# Is Subsonic filter same as a PEQ filter?



## PoorSignal (Jul 23, 2009)

Can you use 1 filter on the BFD to implement a subsonic (high pass) filter?


----------



## ironglen (Mar 4, 2009)

To the best of my knowledge, no. That's why many of us pick up a reckhorn or elemental designs hpf. One (or more) more capable and pricier behringer products can do it along with full range eq capabilities.
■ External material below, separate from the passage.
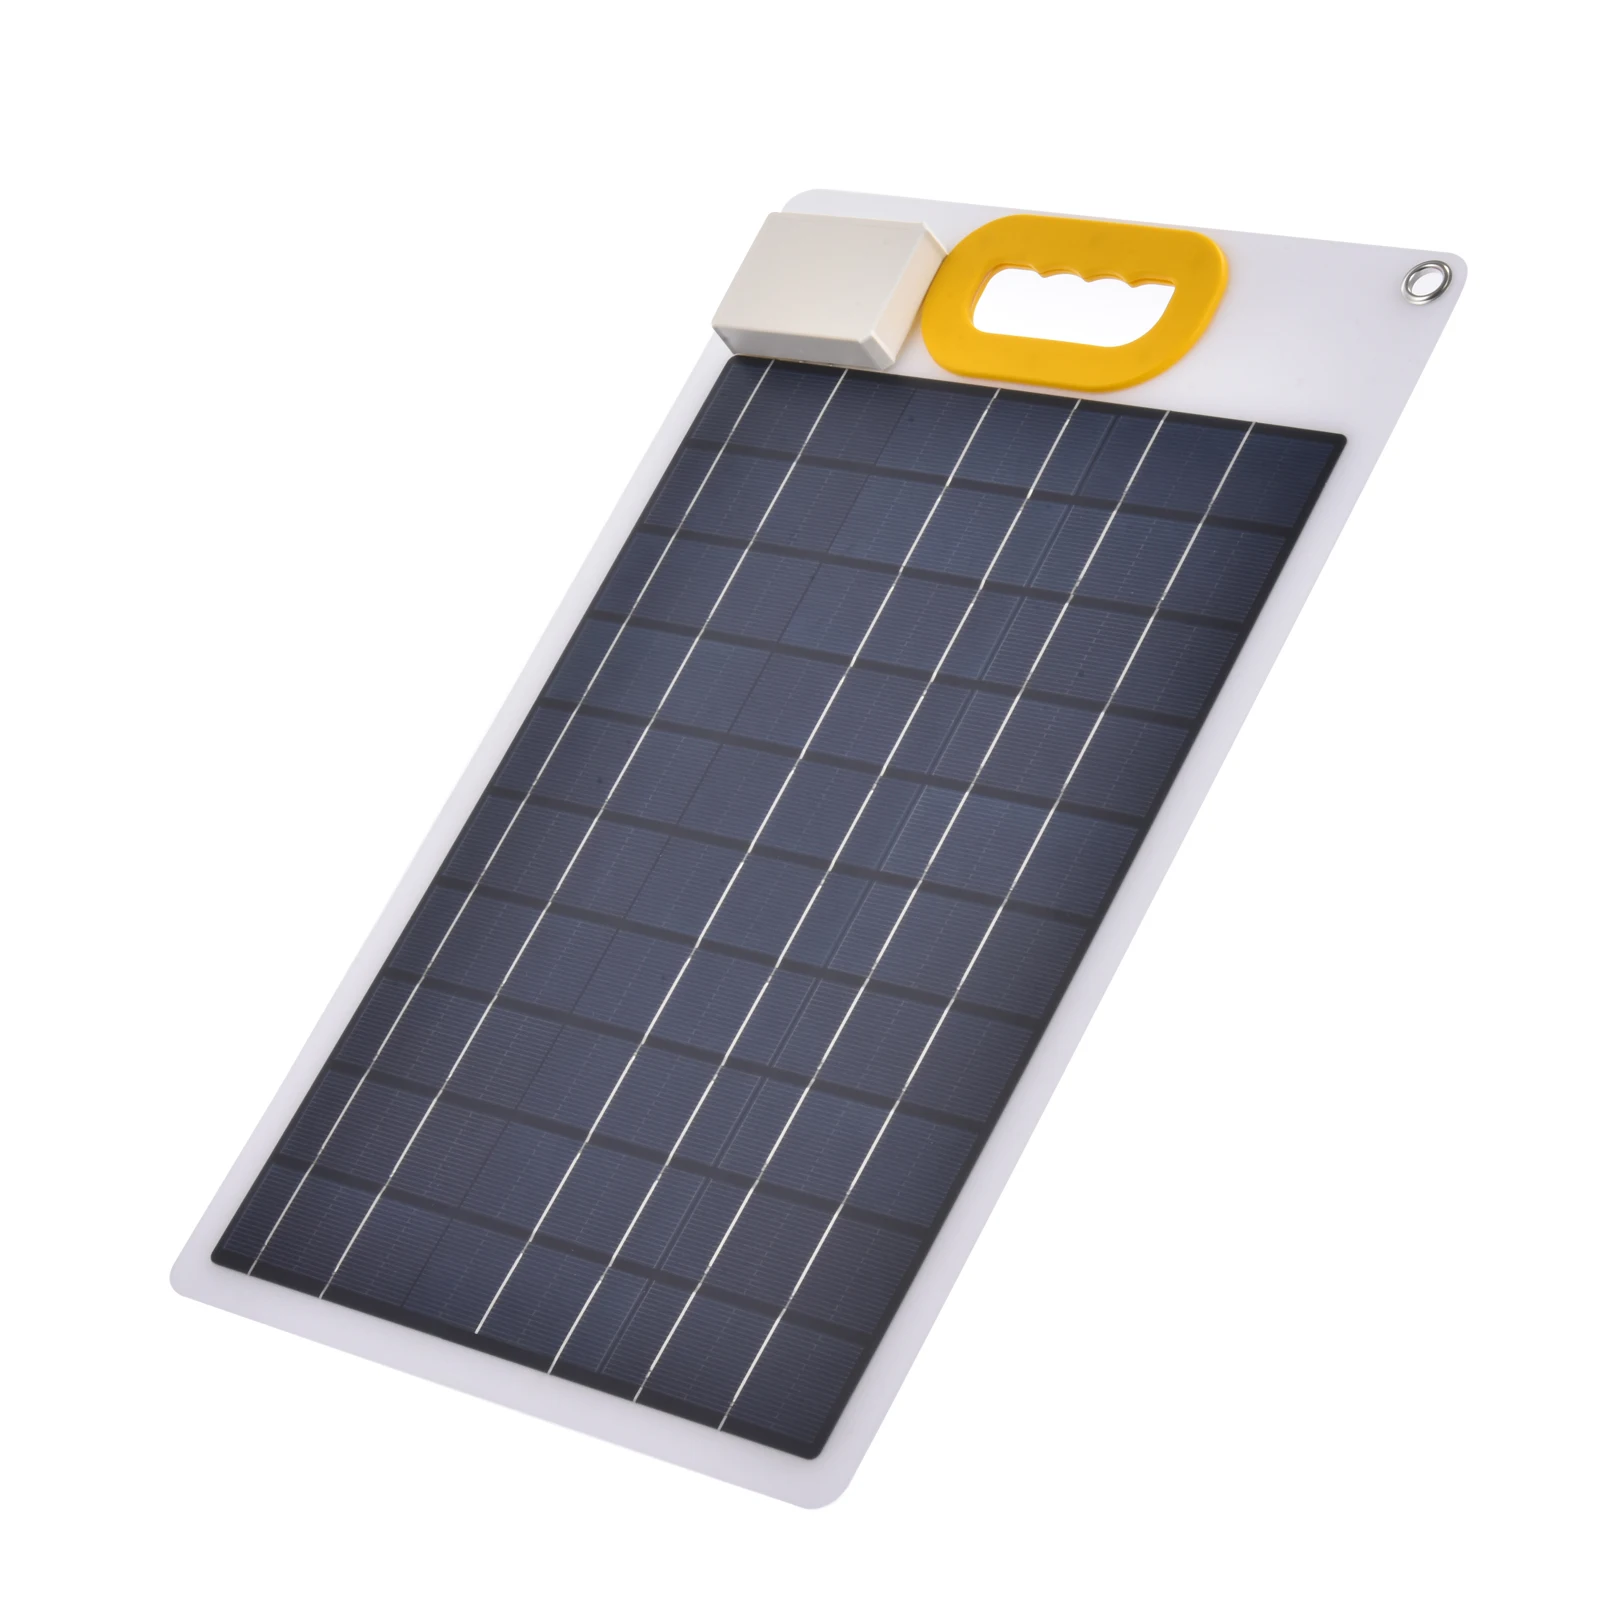 

30W Solar Cells Charger SunPower Charger 2 USB Ports & 1 USB C Portable Solar Panel Charging For Smartphones Ideal For Travel

Subsonic filter will pass greater than 20hz (usually variable 10-30hz, depending on model) to the sub while peq is typically used to smooth in room response by minimizing peaks or boost nulls in the freq response between 20hz and 20khz.


----------



## PoorSignal (Jul 23, 2009)

Yes I suppose a ssf is more discrete but I think a filter down low maybe can pull down signal enough to avoid damaging the driver also?


----------



## ironglen (Mar 4, 2009)

The bfd has enough cut to do the job, but it can only do >20hz, and not one way. It works as a bandpass filter, such that it affects a designated bandwidth, not as high pass or low pass. Were you to try it, you would attenuate output in freq perhaps 0-40hz, which probably is not what you want for sub use, eh?


----------



## PoorSignal (Jul 23, 2009)

I see, I had thought the BFD can put filter at any hz even below 20
Forget my idea then, I guess I will have to buy a reckhorn.


----------



## Wayne A. Pflughaupt (Apr 13, 2006)

A lot of people seem to be concerned with getting a high pass filter with a DIY sub seemingly as a matterof course. However, in reality you only need one if you are driving the sub to its limits and it's overloading, or perhaps if the amp is clippling trying to generate ultra-low signals that the speaker can't reproduce. If that's not happening, there's no need for one.

Regards,
Wayne


----------



## Moonfly (Aug 1, 2008)

A HPF will not allow anything below it to be output, so with a 20hz cut off, nothing below is played as its all filtered out. A PEQ doesnt do this, it attenuates part of the frequency response, is centred on a specific frequency, and has a width of effective range determined when its set up. If the PEQ has a 20 hz width, and is centered on say 40 hz, then it will apply the cut at 40 hz, and the effect lessens either side of the attenuation, in this case 10 hz either side of the centre point of the cut. In this case the PEQ would be having little to no effect on sub 30hz tones, and these could still hurt your driver.

You could implement the BFD's PEQ to act as protection to your driver as a pseudo HPF, but if might have negative side effects. IIRC, the lowest you can go with its PEQ filters is 20 hz.

A wayne says, the HPF might not be needed depending on your subs design. I run my DIY sub with no HPF and Ive never had any issue with it whats so ever.


----------